Counterexample Tests

  • Two states, two actions, two periods.
  • Boundary state: empty/full inventory, zero queue, capacity limit, absorbing state.
  • Discount extremes: beta = 0, beta near 1.
  • Tie-breaking and nonunique argmax.
  • Nonmonotone transition kernel or action-dependent feasible set.
  • Finite horizon versus stationary infinite-horizon policy.
  • Average-cost chain with transient or unstable policy.

Tool Hooks

  • Python: enumerate finite-state DP, value iteration, policy iteration, random parameter search, boundary grids.
  • Z3/OR-Tools: finite-state counterexamples to threshold/monotone policies.
  • CVXPy: finite MDP LP, occupation measures, dual Bellman certificates.
  • Wolfram/SymPy: simplify Q-value differences, derivatives, boundary signs, contraction constants, and threshold inequalities.
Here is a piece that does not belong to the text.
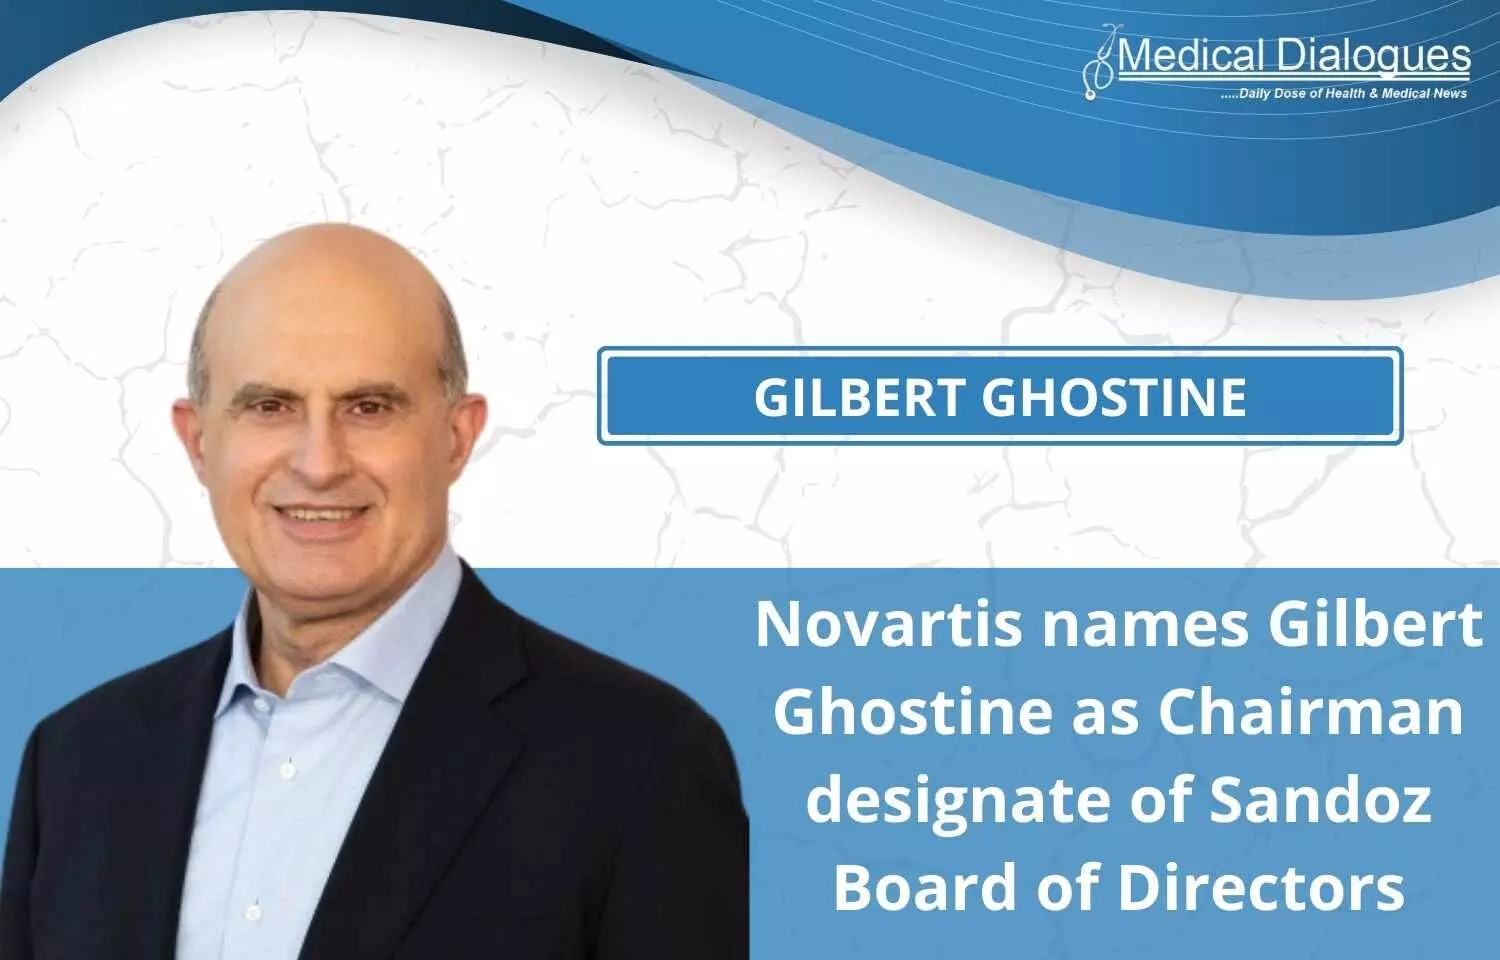 Novartis names Gilbert Ghostine as Chairman designate of Sandoz Board of Directors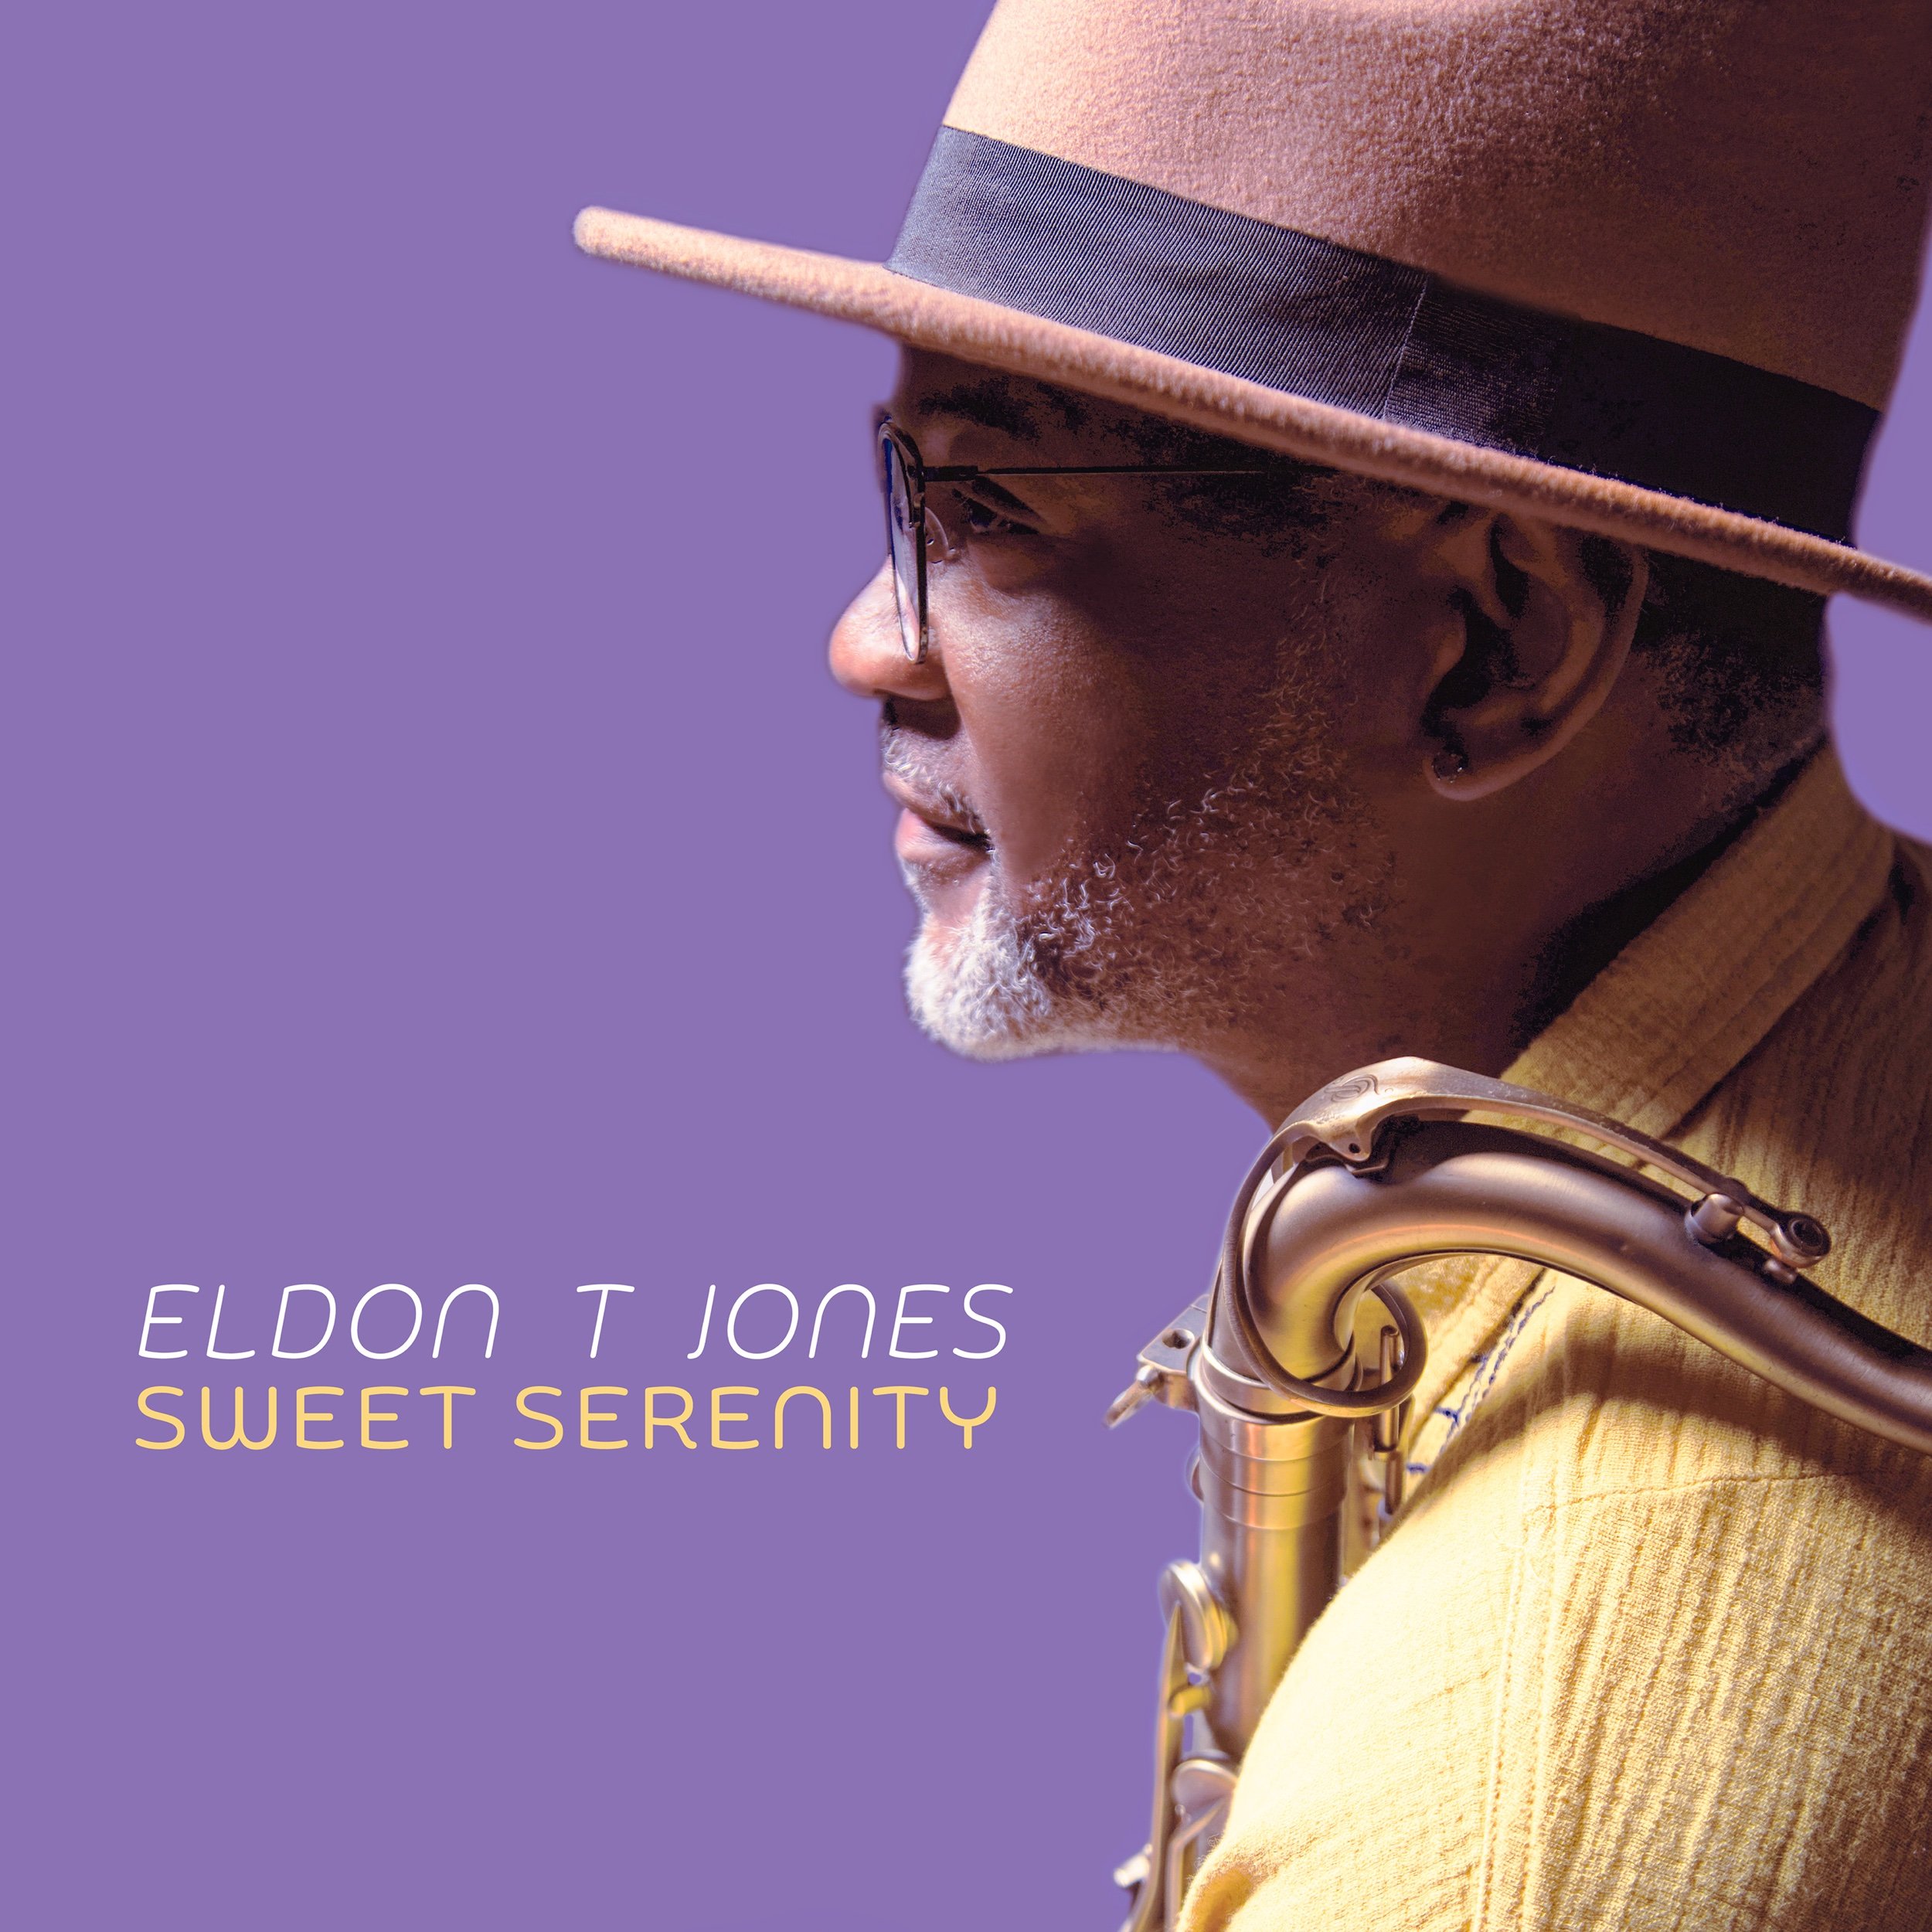 Eldon T Jones “Sweet Serenity” Single

For concrete templates, use math-tools reference dp-wolfram-patterns.md.
  • NetworkX: recurrent classes and reachability in finite Markov chains.
  • Lean: small order/inequality lemmas after the DP statement is stable.

Templates

Bellman certificate for maximization:

Find V and policy pi such that
V(s) = r(s,pi(s)) + beta E[V(s' | s,pi(s))]
V(s) >= r(s,a) + beta E[V(s' | s,a)] for all a.
Then pi is optimal.

Threshold proof:

Define Delta(s) = Q(s,1)-Q(s,0).
Prove Delta is increasing or decreasing in s.
Check boundary signs.
Conclude the argmax switches at most once.
Handle ties by the stated tie-breaking rule.

Finite-horizon structural induction:

Base: terminal value V_T has property P.
Step: assume V_{t+1} has P.
Show T_t preserves P, so V_t = T_t V_{t+1} has P.
Then derive policy structure from Q_t differences.

Average-cost verification:

Find gain g, bias h, and policy pi.
Show g + h(s) >= r(s,a) + E[h(s') | s,a] for all a.
Show equality for a = pi(s).
Check recurrence/stability/transversality.
Then pi is average-cost optimal.

Indexability route:

Add subsidy lambda for passive action.
For each lambda, characterize passive set P(lambda).
Prove P(lambda) expands monotonically in lambda.
Solve indifference equation for the index.
Verify boundary states and unreachable/tie states.

Failure Diagnosis

  • If monotonicity fails, check transition stochastic monotonicity and increasing differences.
  • If threshold proof fails, inspect whether Q-difference is nonmonotone or has multiple crossings.
  • If contraction fails, check discounting, weighted norms, or monotone bounded convergence.
  • If FOC proof ignores corners, switch to Bellman inequalities or KKT-style active-action cases.
  • If average-cost proof is stuck, first prove stability/recurrence under the candidate policy.
  • If continuous state proof is messy, discretize for counterexamples before proving the continuous theorem.